La cosecha y venta de órganos vitales está gobernada por estrictas regulaciones, pero aún así, el precio puede ser alto. Por ejemplo, los riñones en el mercado negro se estaban vendiendo por millones de dólares, y probablemente eso continúe. En algunos estados de los Estados Unidos, las familias de donantes pueden recibir créditos en sus impuestos de hasta $15.000 por corazones o hígados. Las ventas clandestinas e ilegales en la Internet a precios exorbitantes son un grave problema.
Los donantes de plasma, cuya sangre se reemplaza después que se extrae el plasma, pueden ganar $3.000 al año. Las clínicas de infertilidad pagan de $5.000 a $8.000 por óvulos. Los fabricantes de pelucas y las tiendas de muñecas pagan $30 la onza de «cabello de buena calidad de más de 40 cm». La piel tiene mucha demanda para las víctimas de quemaduras y procedimientos cosméticos.

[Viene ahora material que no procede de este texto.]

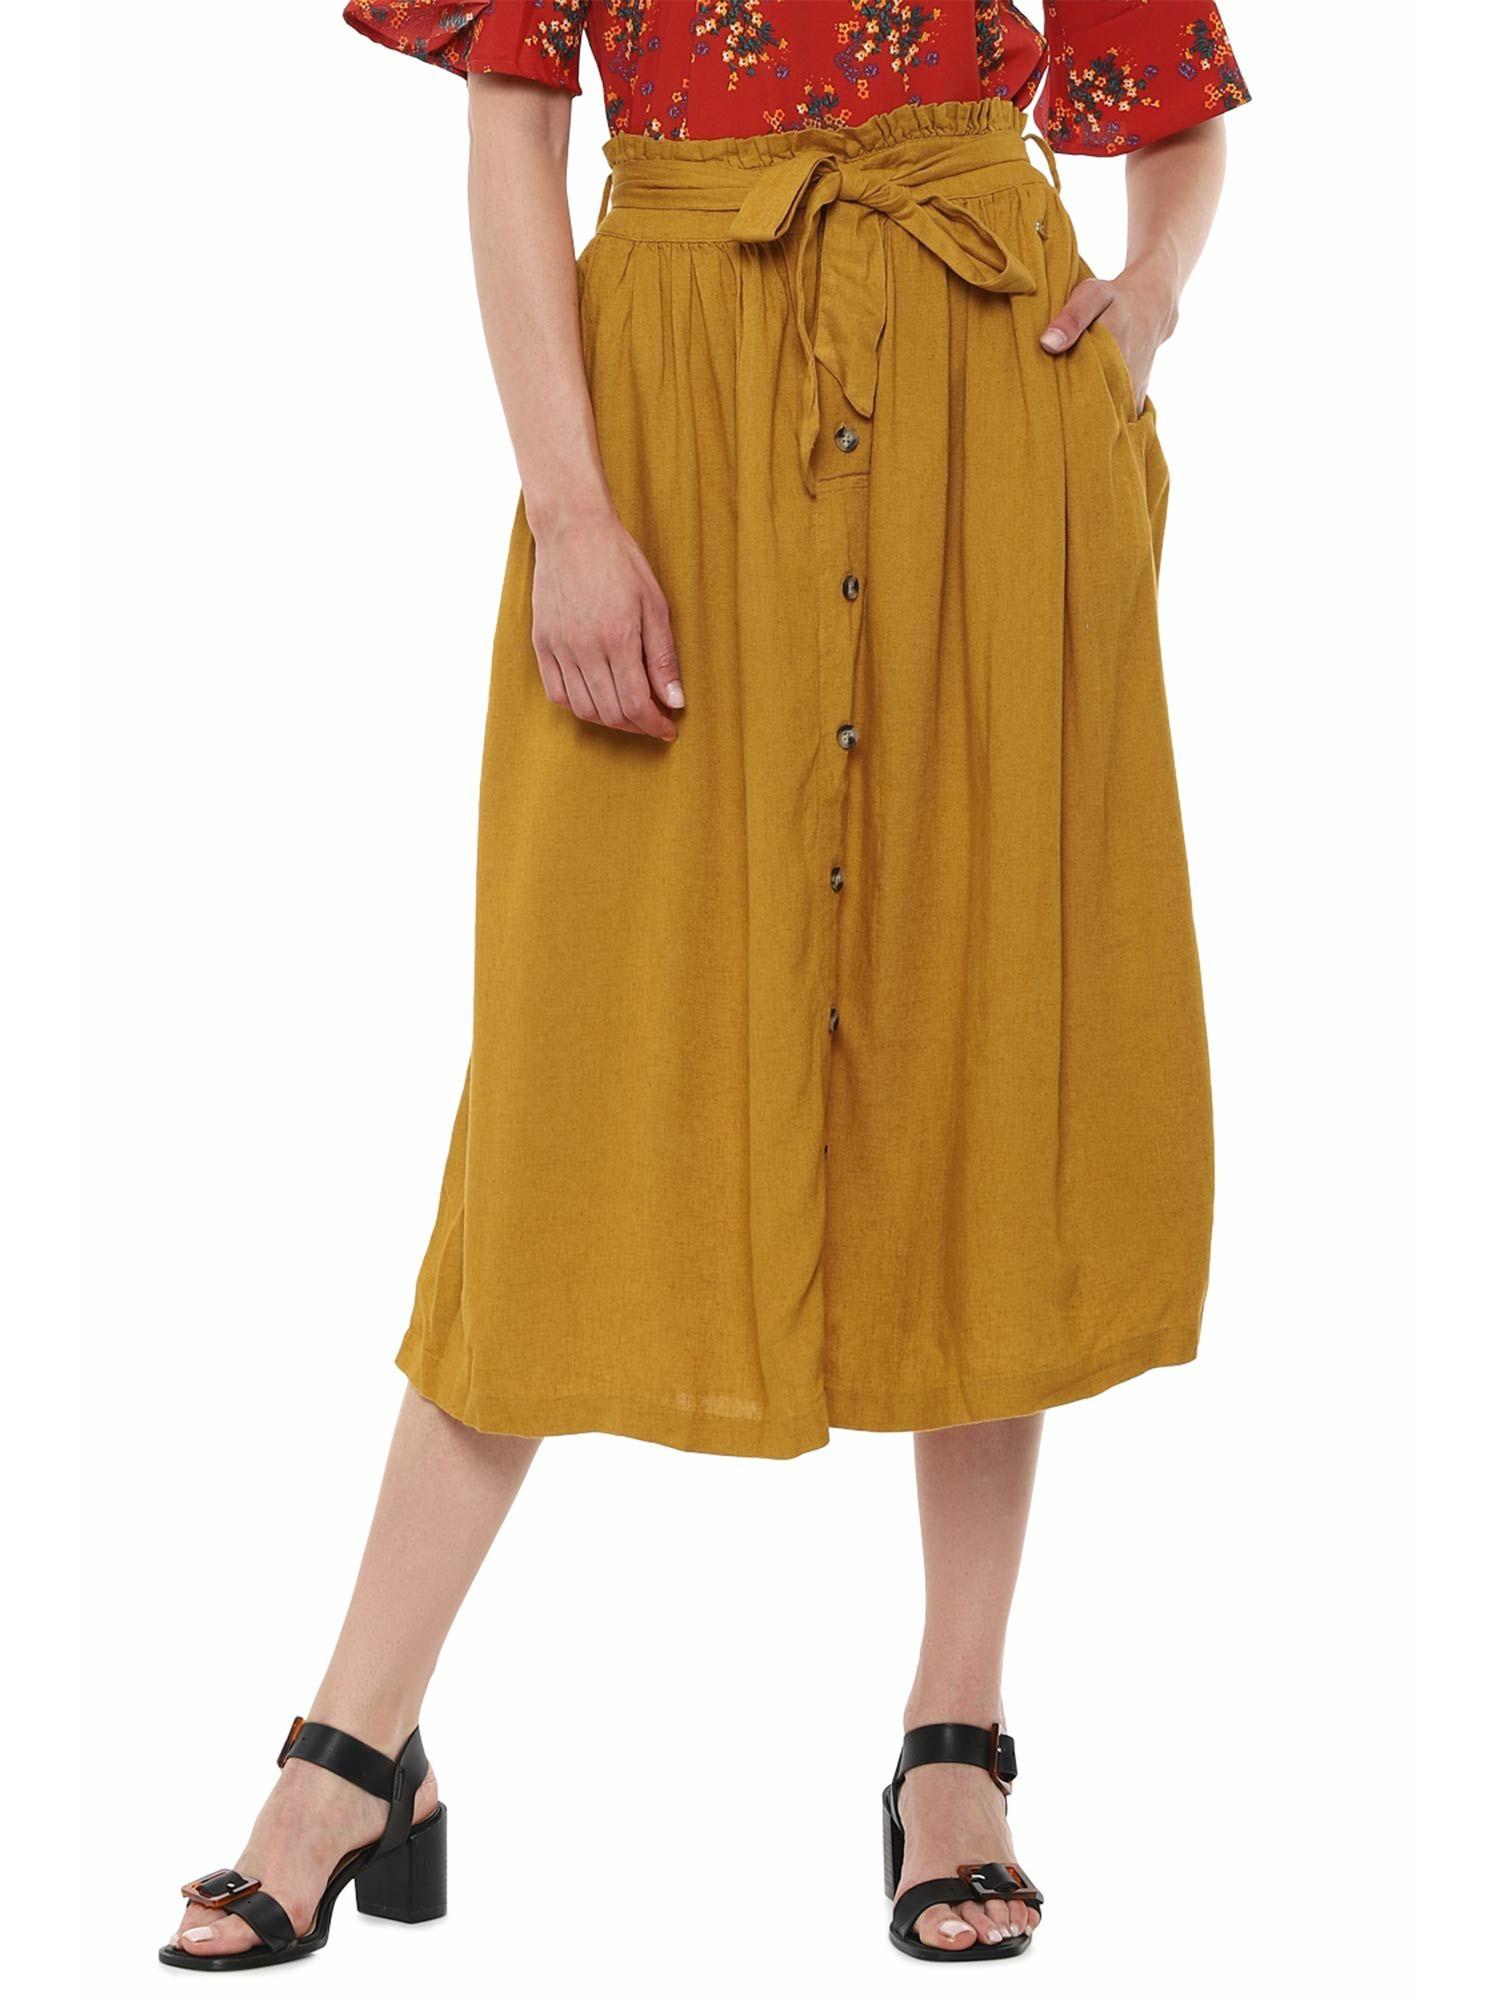 yellow-skirt

Nadie está sugiriendo esto, pero si vendes tu cuerpo pieza por pieza en el mercado de hoy, te pagarían millones. Sin embargo, eso es un granito de arena comparado con lo que vales para Dios. El que te hizo envió a su Hijo a morir en la cruz por ti. Pagó un precio enorme por tu redención (Efesios 1:7-8). Proporcionó el rescate; te libró de la culpa, del pecado y de la muerte.
Con el valor actual de tu cuerpo podrías pagar préstamos estudiantiles, comprar una casa o manejar un auto caro. Pero ¿qué es eso (si fuera posible)? Nada comparado con el precio que el Padre pagó para dar la vida de su Hijo unigénito, para verlo convertirse en pecado por ti (2 Corintios 5:21).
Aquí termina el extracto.